Er behauptete, es sei nur, weil der Frost Tennistraining unmöglich machte.
Fuji wusste, dass es eher war, weil Tezuka empfindlich gegen die Kälte und, schlimmer noch, empfänglich für Erkältungen war.
„Das ist hochgradig unfair, Fuji."
Der hellhaarige Junge lächelte. „Du hast mir keine Wahl gelassen."
Tezuka gab sein Bestes, einen passablen strengen Blick zustande zu bringen, versagte aber kläglich, da ein markerschütternder Hustenanfall seinen Körper erbeben ließ.
„Ich bin nicht krank", krächzte er, nachdem der Husten nachließ.
Der Tensai warf ein, dass er außerdem ein furchtbarer Lügner sei.
Tezuka startete einen weiteren halbherzigen Versuch, aus dem Bett zu flüchten, in das man ihn zwangsweise gesteckt hatte, musste aber feststellen, dass die Bettdecke zu eng um ihn gestopft war, um ihm viel Freiraum zu lassen.

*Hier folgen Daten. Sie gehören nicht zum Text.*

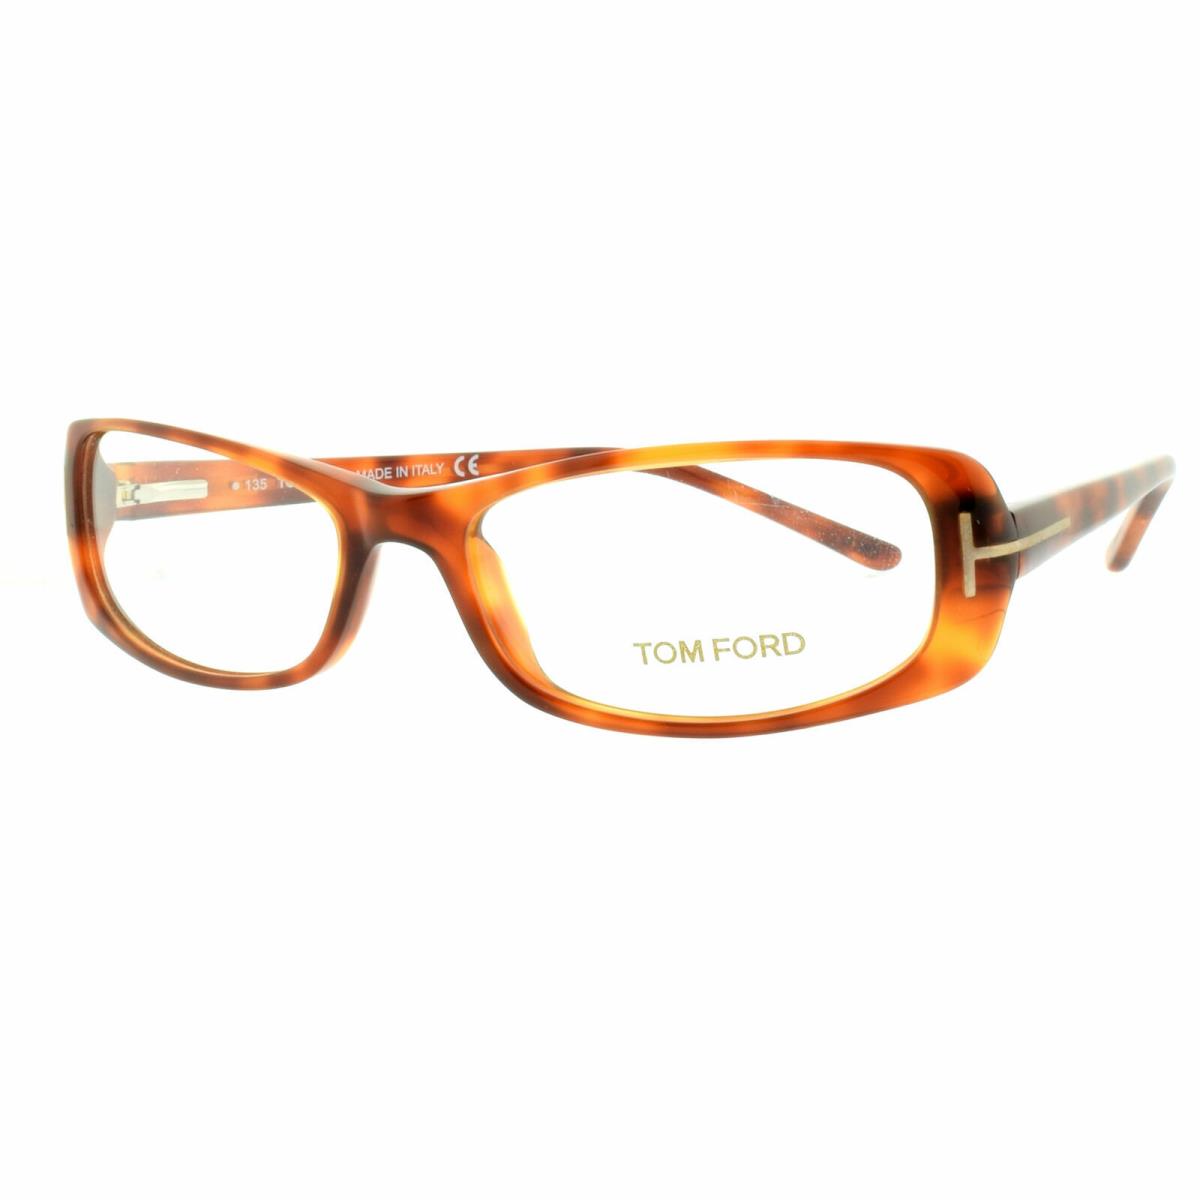 Tom Ford FT5121 053 Havana Rectangular Optical Frames Eyeglasses
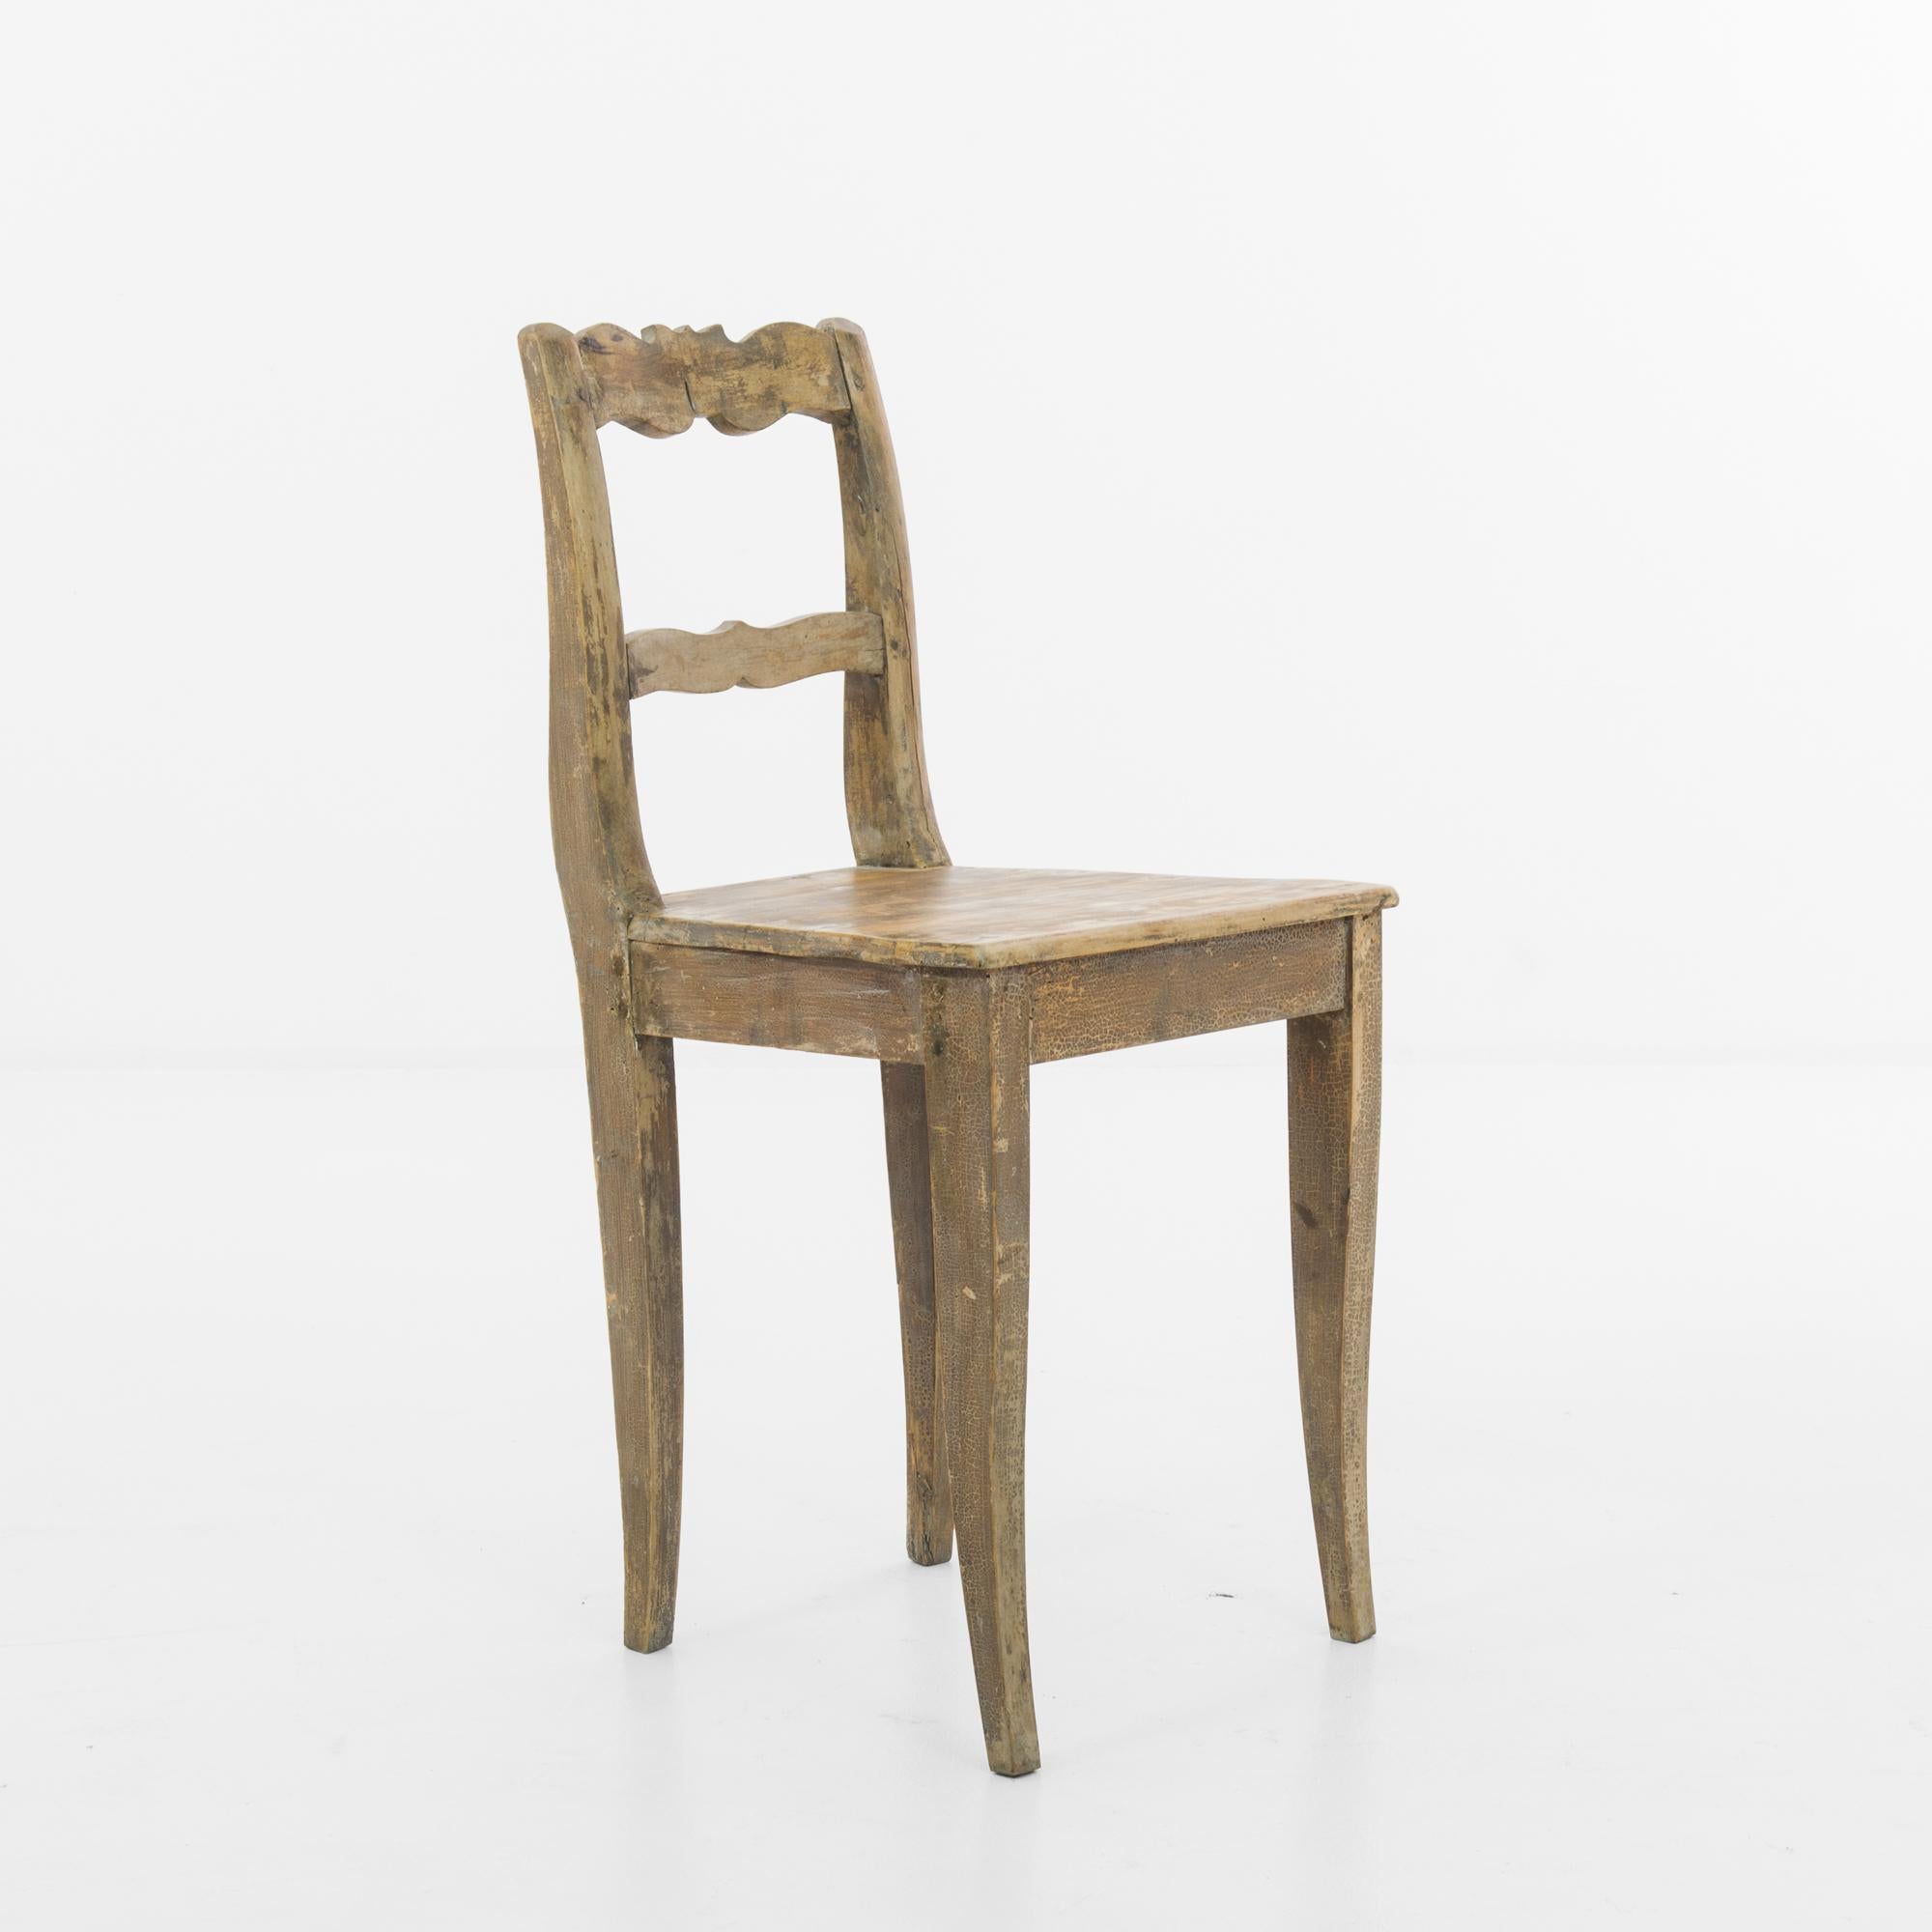 Fabriquée au début des années 1900, cette exquise chaise allemande en bois incarne l'élégance intemporelle et le superbe savoir-faire de l'époque. Taillée dans un bois fin et robuste, probablement du chêne ou du hêtre, cette chaise présente un

Fuji tätschelte ihn tröstend und versprach, nach den Vormittagsvorlesungen bei ihm kurz vorbeizuschauen. Dann ließ er Tezuka schwören, sich nicht auf irgendwelche anstrengenden Aktivitäten einzulassen, während er weg war.
Tezuka runzelte die Stirn, da wo er im Bett lag.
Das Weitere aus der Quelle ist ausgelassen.